Java 大文件读取_java linenumberreader 大文件读取-CSDN博客

本文链接：https://blog.csdn.net/wawawawawawaa/article/details/120950627

背景：传统的应用程序在读取文件的时候如下：

Files.readLines(new File(path), Charsets.UTF_8); 
FileUtils.readLines(new File(path));

实际上是使用BufferedReader或者其子类LineNumberReader来读取的。

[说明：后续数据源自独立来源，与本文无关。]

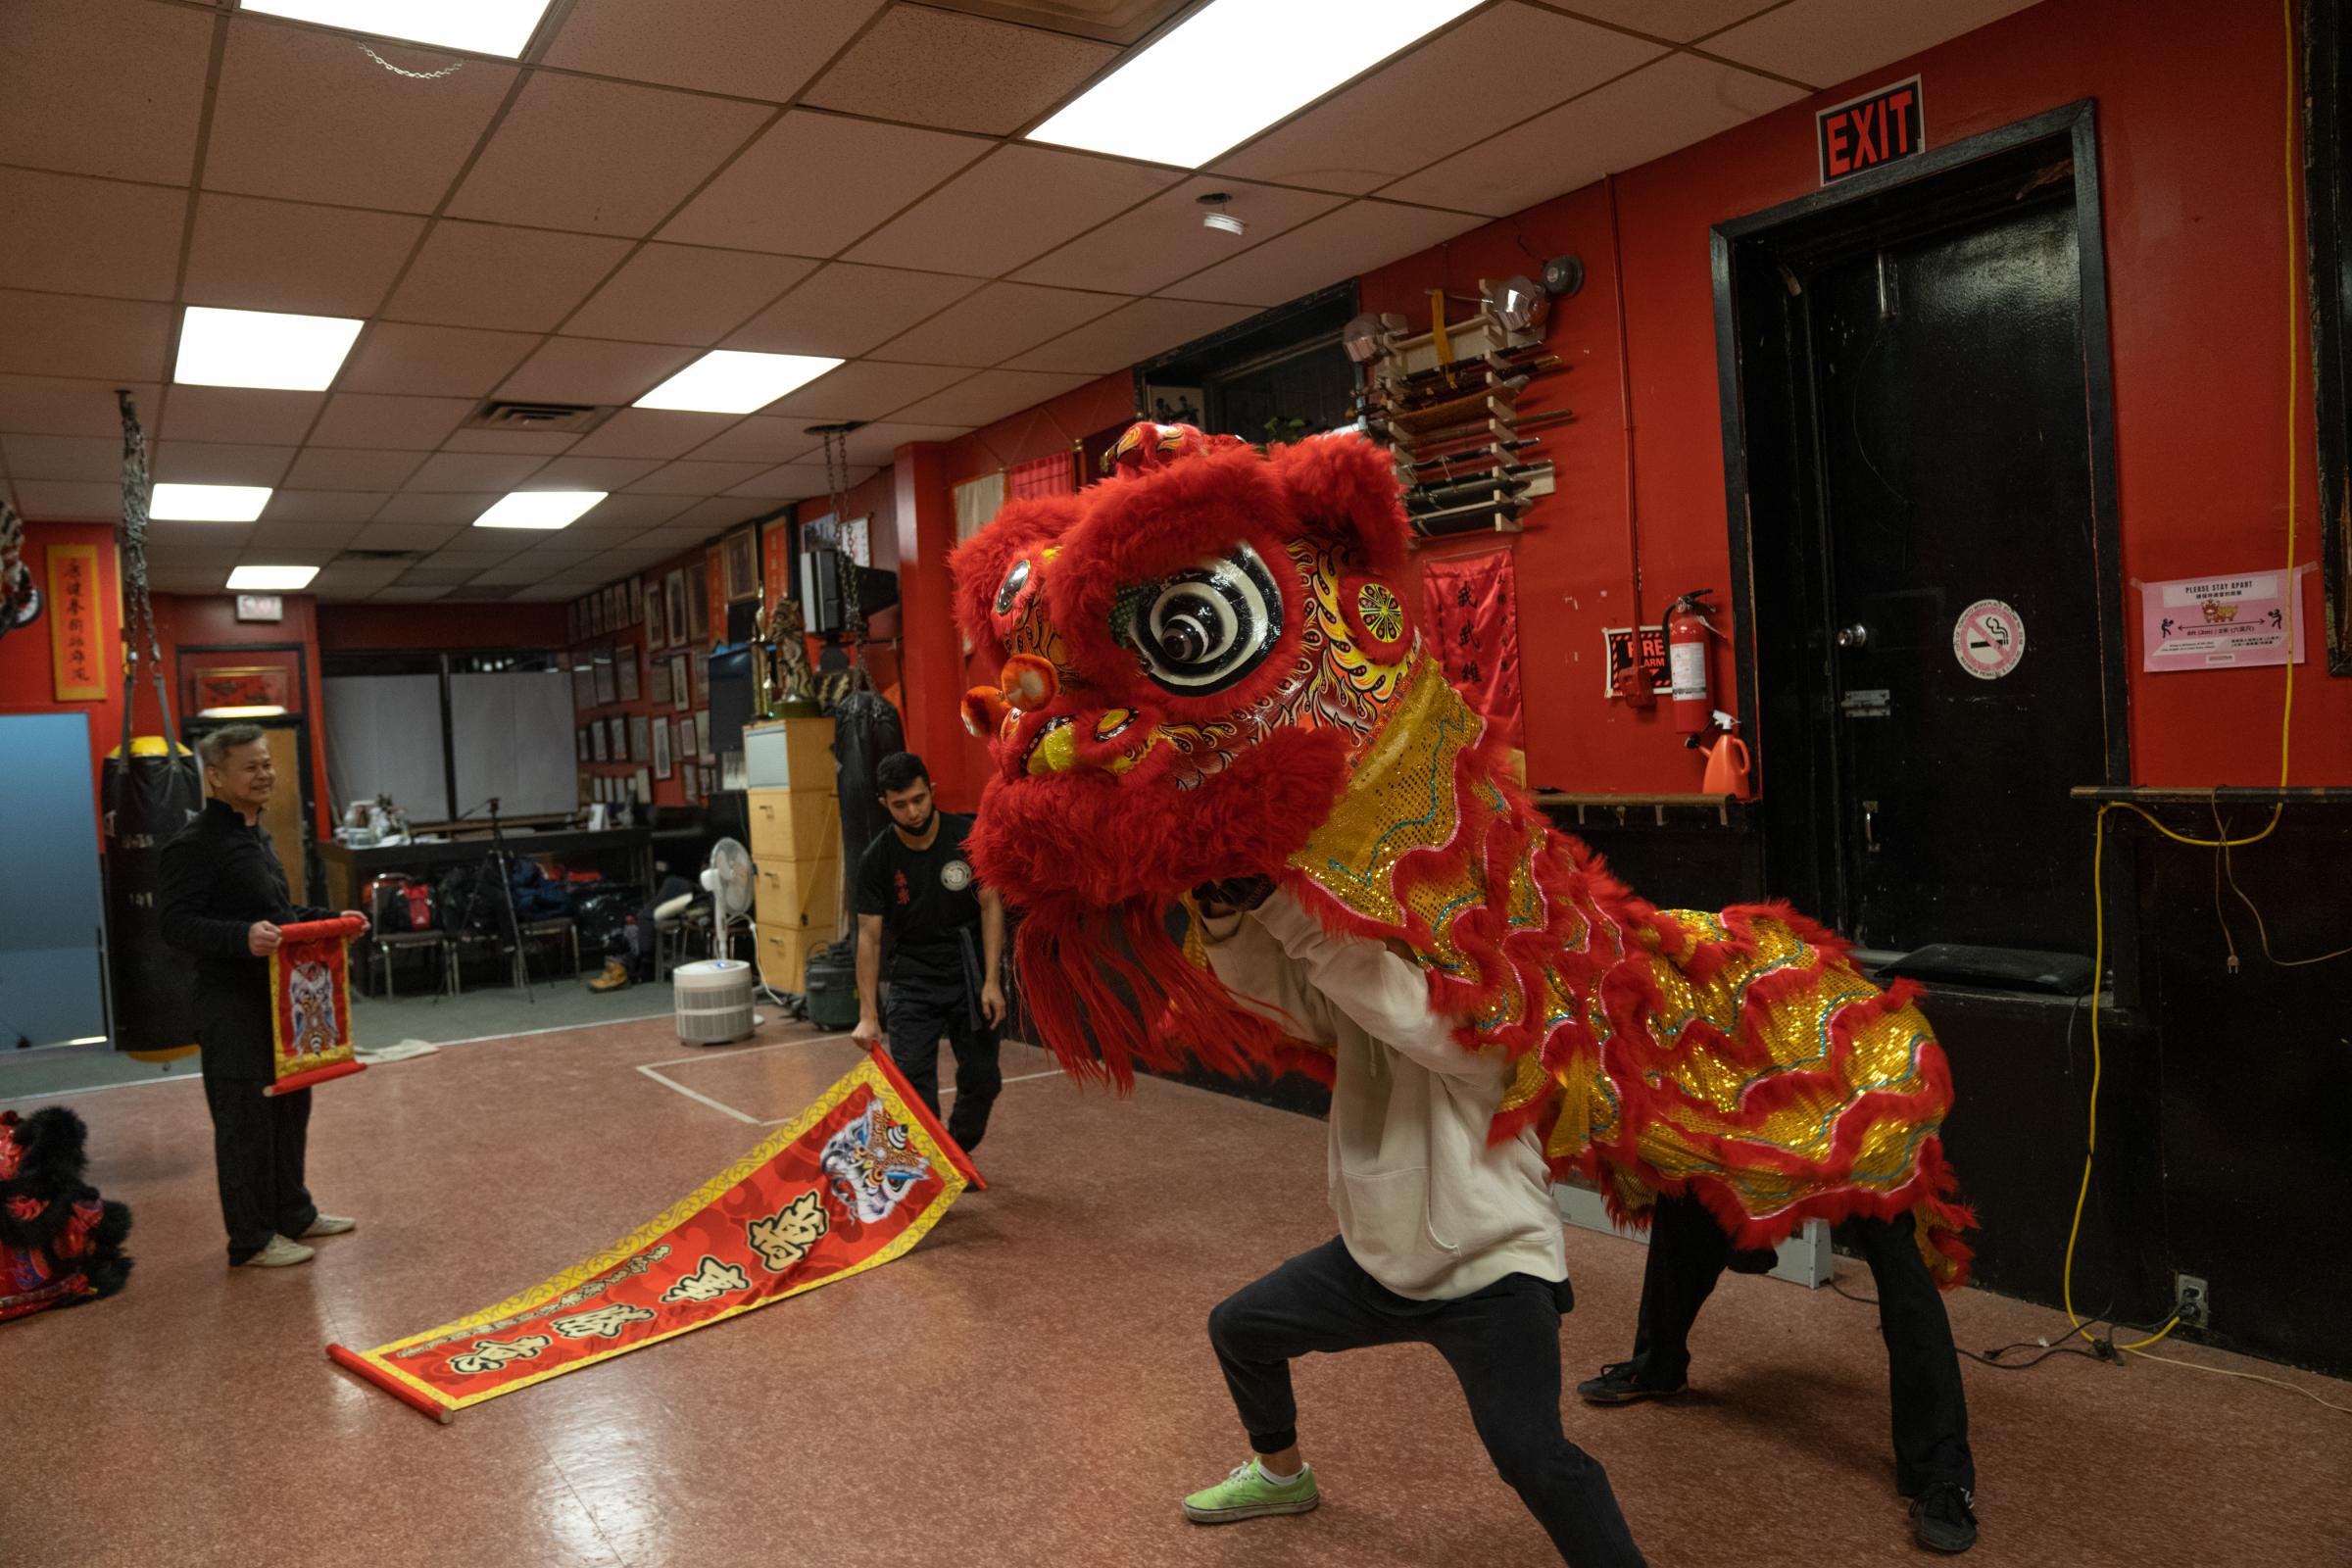 Members of the lion dance team at the Hong Luck Kung Fu Club using a golden and red lion during practice in preparation for the 2022 Lunar New Year...

上面这样读取文件会有什么问题呢？上面的方式是将文件读进内存进行处理，如果文件比较大的话，会发生程序的oom错误。

解决方法：

1. 使用文件流方式；一行一行地读取

FileInputStream inputStream = null; 
Scanner sc = null; 
try { 
 inputStream = new FileInputStream(path); 
 sc = new Scanner(inputStream, UTF-8); 
 while (sc.hasNextLine()) {
  String line = sc.nextLine(); 
  // System.out.println(line); 
  } 
}catch(IOException e){
  logger.error(e);
}finally {
  if (inputStream != null) { 
  inputStream.close(); 
  } 
  if (sc != null) {
    sc.close();
   }
}

该方案将会遍历文件中的所有行，允许对每一行进行处理，而不保持对它的引用。总之没有把它们存放在内存中！

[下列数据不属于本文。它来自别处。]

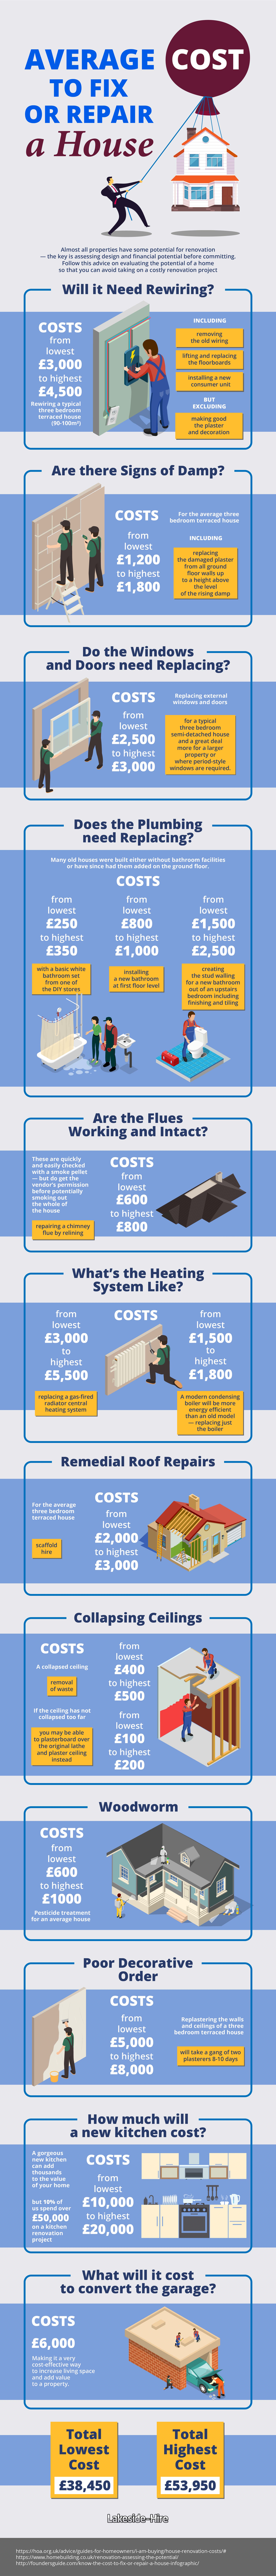 SsrNjRa The cost of repairing a house [Infographic]

2. Apache Commons IO流：使用Commons IO库实现，利用该库提供的自定义LineIterator

LineIterator it = FileUtils.lineIterator(theFile, UTF-8); 
try {
 while (it.hasNext()) {
 String line = it.nextLine(); 
 // do something with line 
  } 
} finally {
 LineIterator.closeQuietly(it);
}

该方案由于整个文件不是全部存放在内存中，这也就导致相当保守的内存消耗。